Not surprisingly, law enforcement agencies that comply with ICE detainers have been sued for violating the Constitution. Because of rulings by judges in Minnesota and elsewhere, local jurisdictions have paid substantial sums in damages to victims. 

But holding people in violation of their constitutional rights is not just wrongful and expensive: It makes us less safe. Community policing requires trust and engagement between police and the communities they protect. It’s obvious — and studies show — that when people know that the police are acting as immigration-enforcement agents, they hesitate even to communicate — much less cooperate — with the police.

And then there’s the bullying: ICE issues weekly lists accusing hundreds of jurisdictions of declining to honor ICE detainers, and the president has threatened to withhold billions of dollars in grants to “sanctuary jurisdictions.”
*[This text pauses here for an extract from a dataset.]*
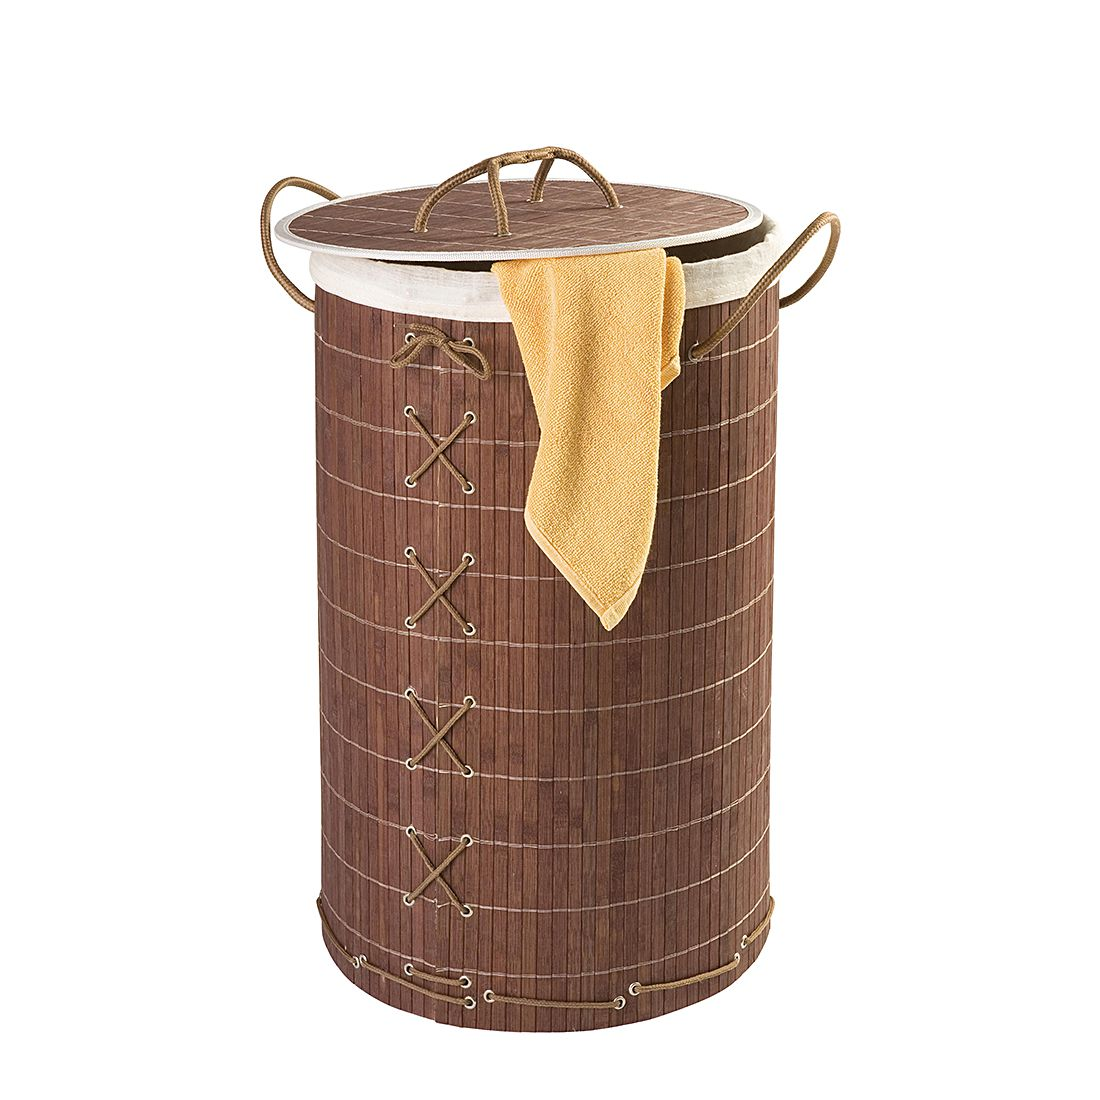 Wäschetruhe Bamboo - Dunkelbraun, Wenko

A 10th Amendment violation

Withholding grants from states that don’t want to allocate resources to enforcing federal immigration laws would violate the 10th Amendment to the Constitution, which forbids the federal government from conscripting local governments into performing federal functions. Thanks in part to opinions by the late Justice Antonin Scalia (overturning part of the Brady gun-control act) and Chief Justice John Roberts (overturning part of the Affordable Care Act), the federal government cannot hold a “gun to the head” of states that want to spend state money on state priorities instead of federal priorities.

Why should we care? Because local law enforcement officials need our support and encouragement to do the best they can to protect and serve us by doing the jobs they were hired to do. Minnesotans are contacting their mayors, city councils, police chiefs, and sheriffs to suggest that they should preserve our Fourth Amendment freedoms and resist the federal government’s attempt to commandeer state and local resources. This resistance is not a recipe for breaking the law. It’s a recipe for following the law and protecting our communities from crime.

The website peoplepower.org has suggestions for how to get involved. If we get together with our state and local governments to pursue the common-sense goals of following the Constitution and focusing on local law enforcement, the final line of “Casablanca” will turn out to be true: “This could be the start of a beautiful friendship.”

John Gordon is the interim legal director of the American Civil Liberties Union of Minnesota.